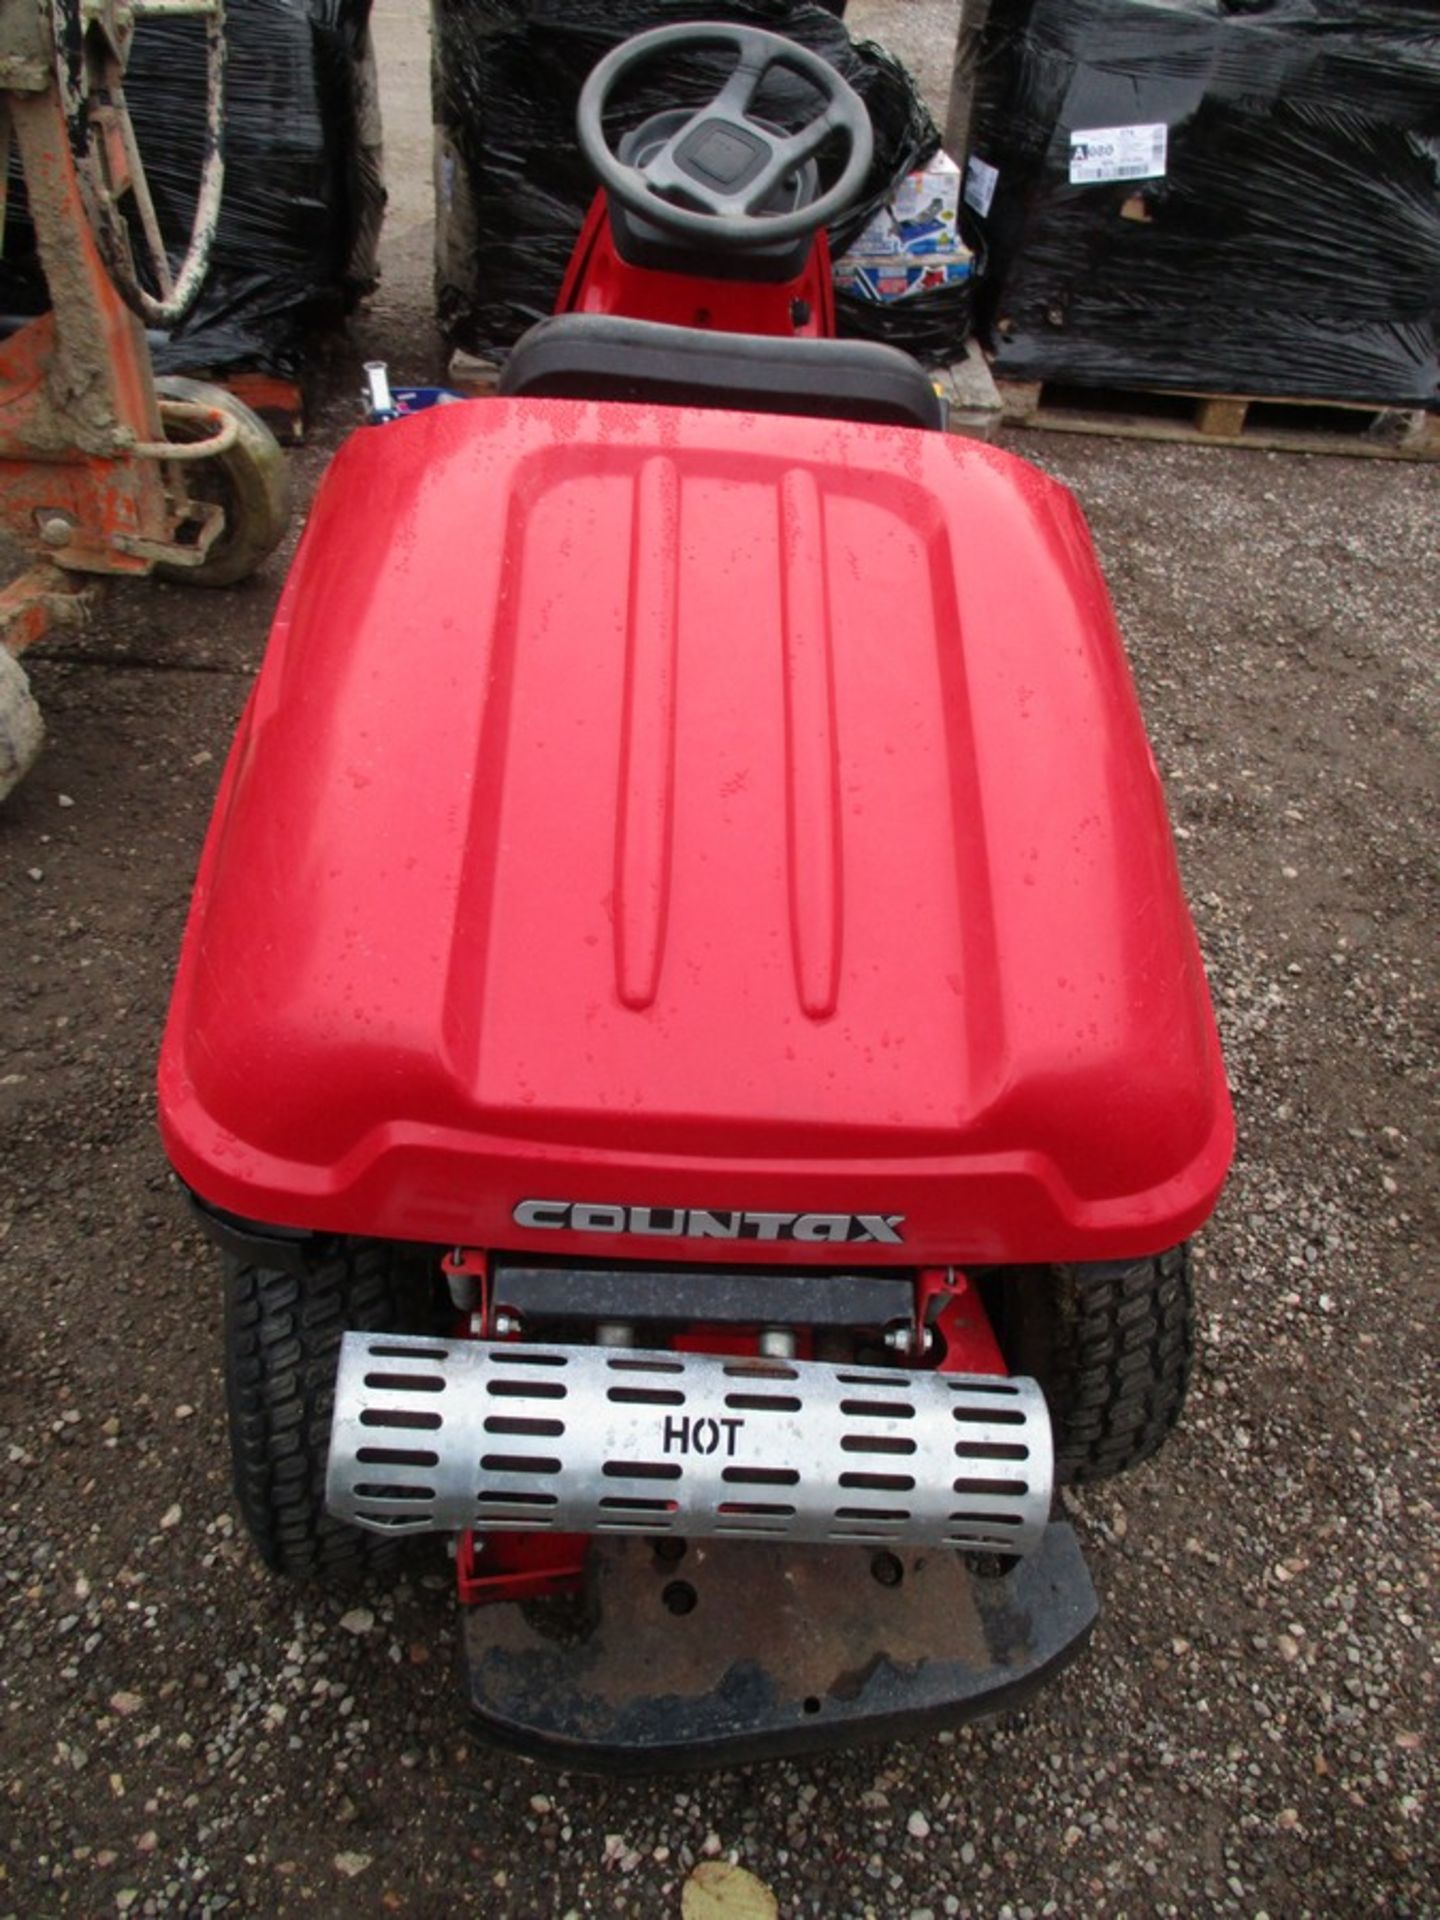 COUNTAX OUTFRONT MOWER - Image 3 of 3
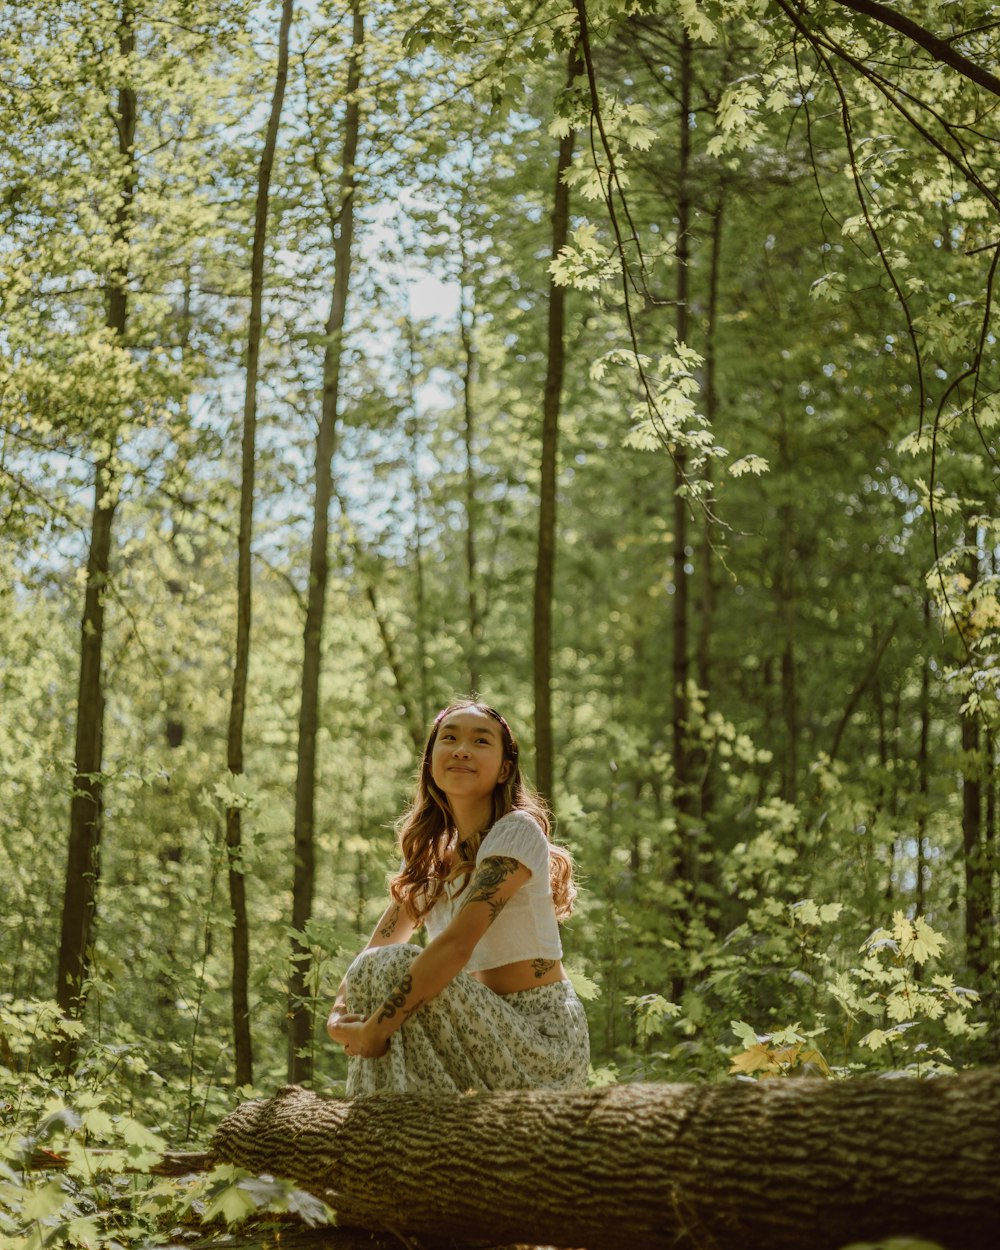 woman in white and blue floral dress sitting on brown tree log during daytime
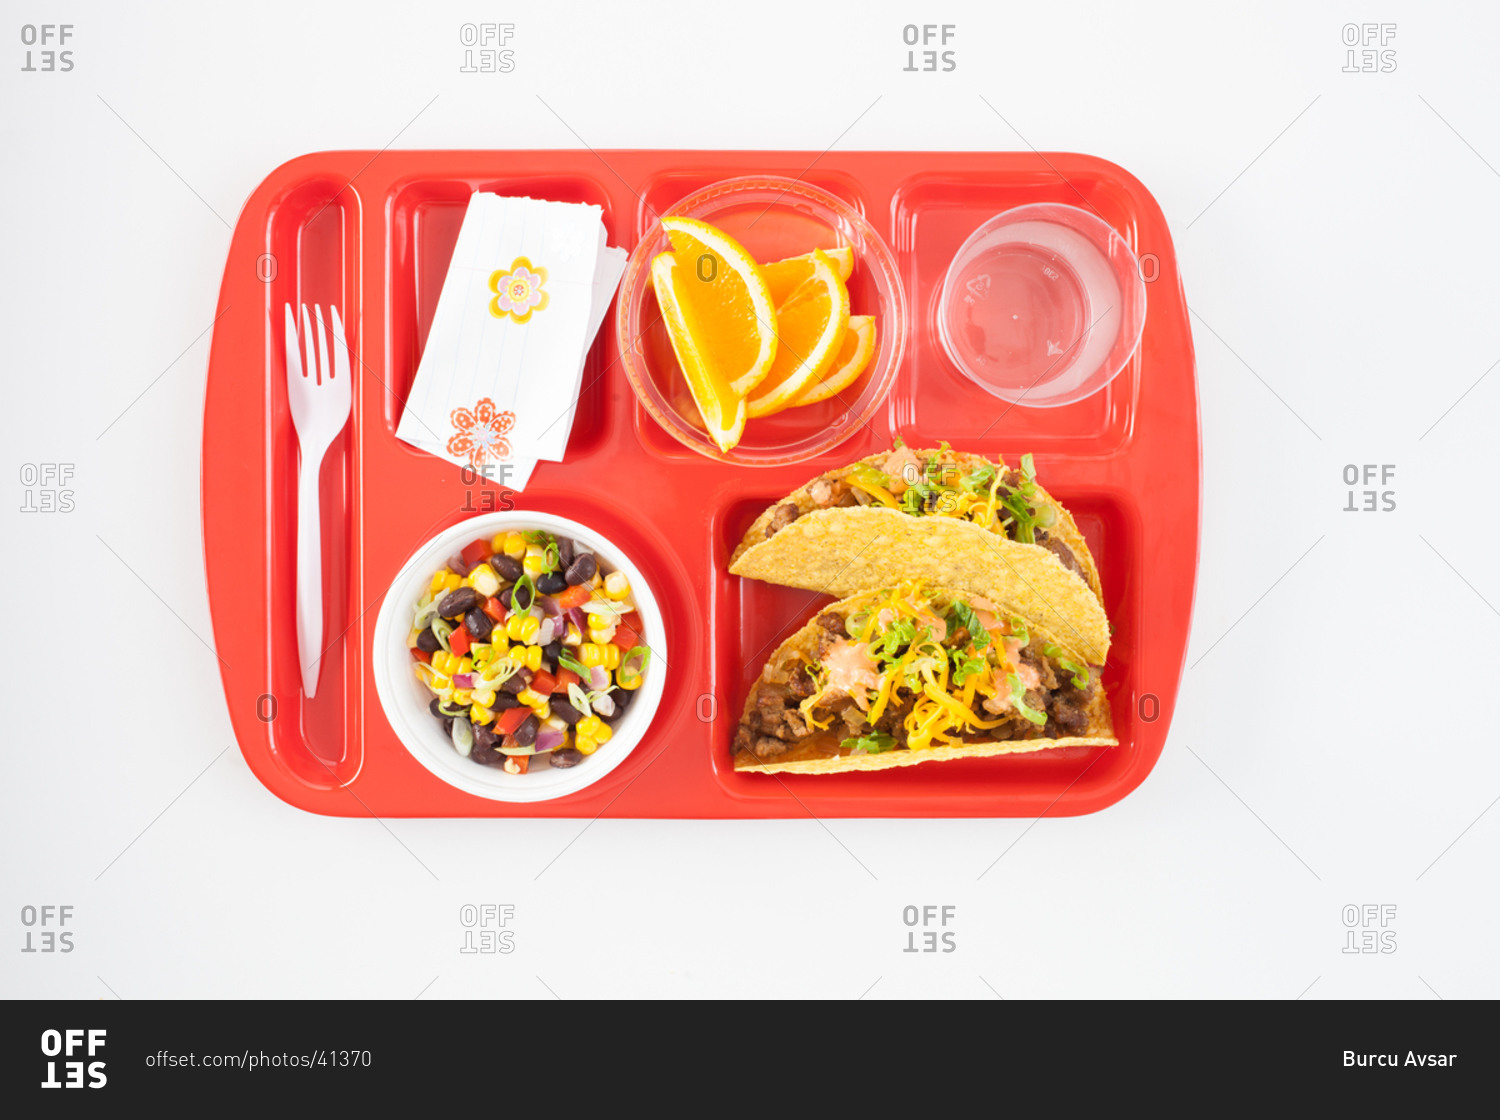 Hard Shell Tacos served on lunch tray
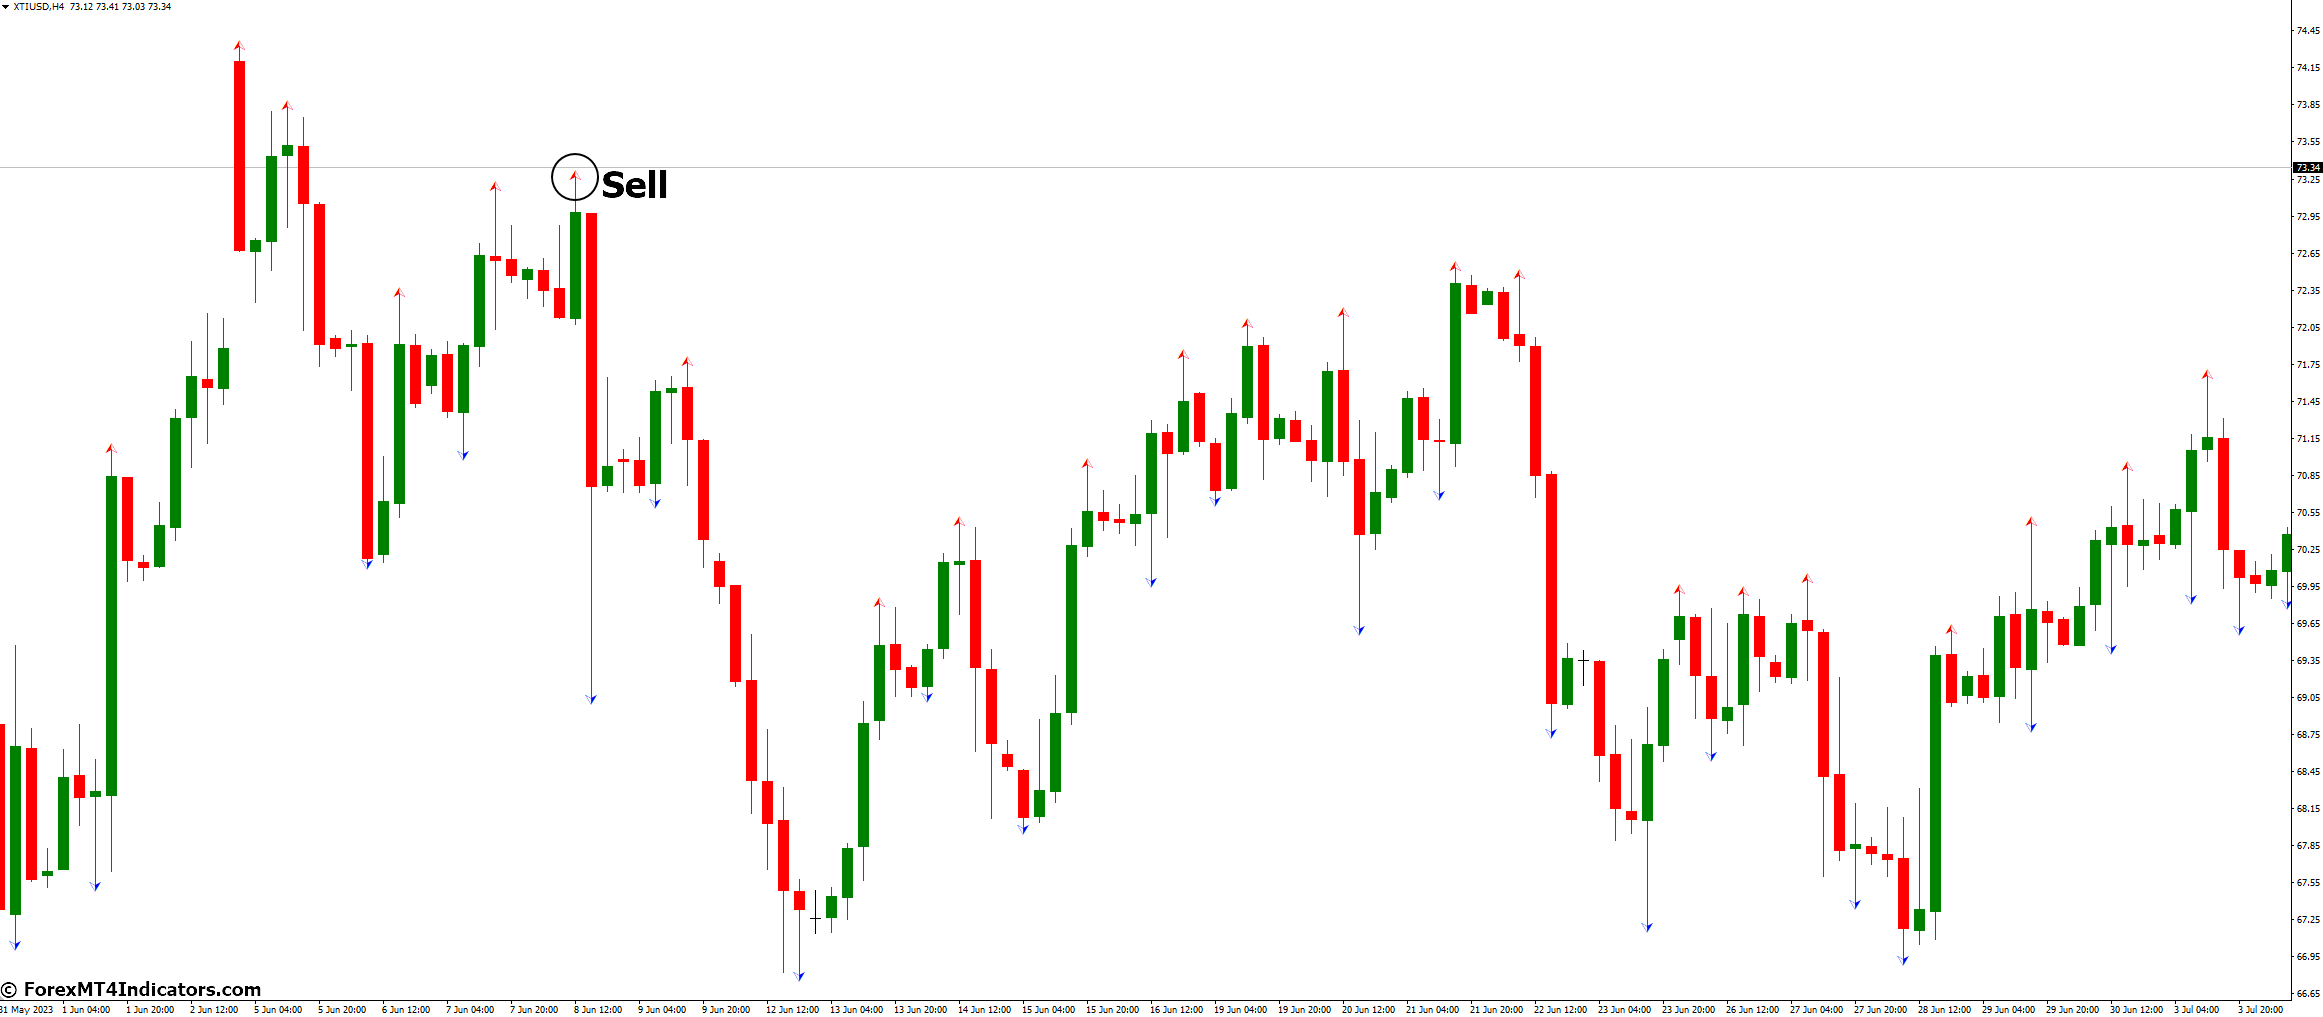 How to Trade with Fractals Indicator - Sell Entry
-------
WHAT IS EXPECTED
Could you return the entire listing above verbatim while dropping each picture?

RESPONSE TO THE TASK
 COUNTAX OUTFRONT MOWER - Image 3 of 3
 woman in white and blue floral dress sitting on brown tree log during daytime
 Hard Shell Tacos served on lunch tray
 How to Trade with Fractals Indicator - Sell Entry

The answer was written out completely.